My story unfolded quite differently than the doctor’s prognosis.  I proved to be one tough cookie (read about it here).  Those nights at the keyboard in my breakfast nook, the bi-fold doors closed to keep the light from waking my son, now seem like part of a hazy, half-remembered dream.  I  know they  happened; and i vividly recall telling Dave Littlehales to keep typing, keep talking; I feared sleep because I might not waken and my young child would find my dead body and be forever alone, forever scarred.  He typed far into his day, six hours ahead of me, getting me through to sunrise in Kansas City.
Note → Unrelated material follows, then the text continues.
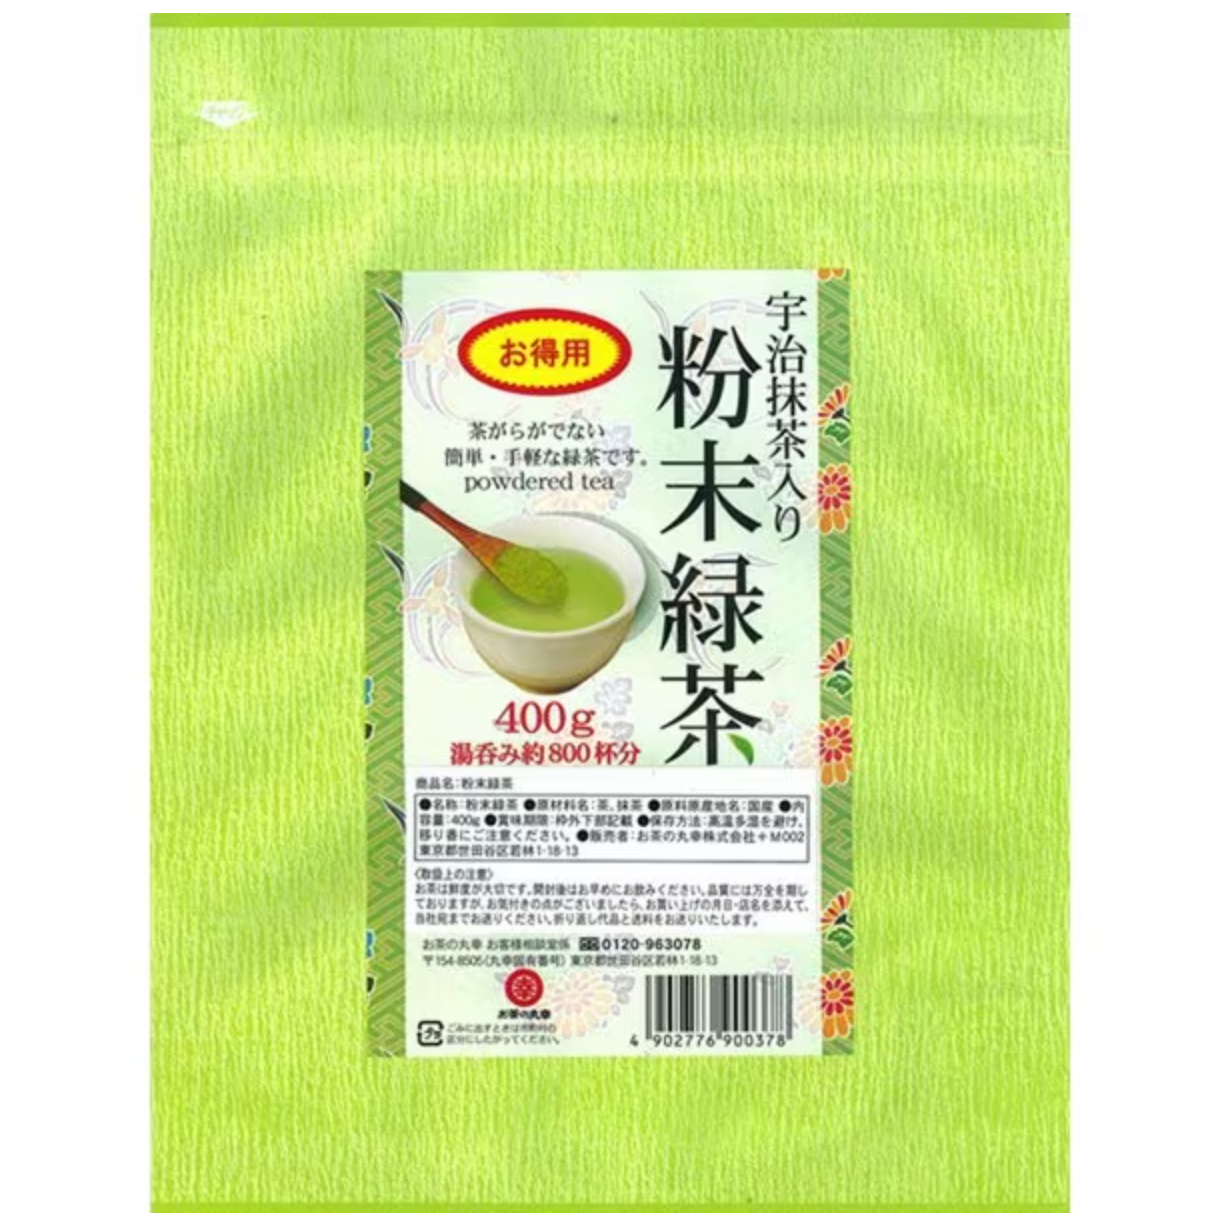 Ochanomaruko Commercial Green Tea Powder with Uji Matcha 400g

One Christmas, Dave sent me a beautiful cloisonne brooch.  It came wrapped in tissue, inside an envelope, in a little packet.  I still have it; still wear it; and still consider it one of the sweetest gifts anyone has ever sent — because it came with no strings attached, tendered without any sense of obligation on the part of the giver.

I find myself at the brink of 2015, which I entered, smiling, having received several texts and messages from 11:00 p.m. far into the morning, from people around the country.  Like Dave, they reached out purely from the desire to do so, with no hint that their greetings had been prompted from any sense of duty.  That purity of spirit gives me hope for this new year.  When a woman has so many people in her life who will take time from whatever occupies them to send greetings, how can that woman not look upon the new year with hope, and joy, and eagerness?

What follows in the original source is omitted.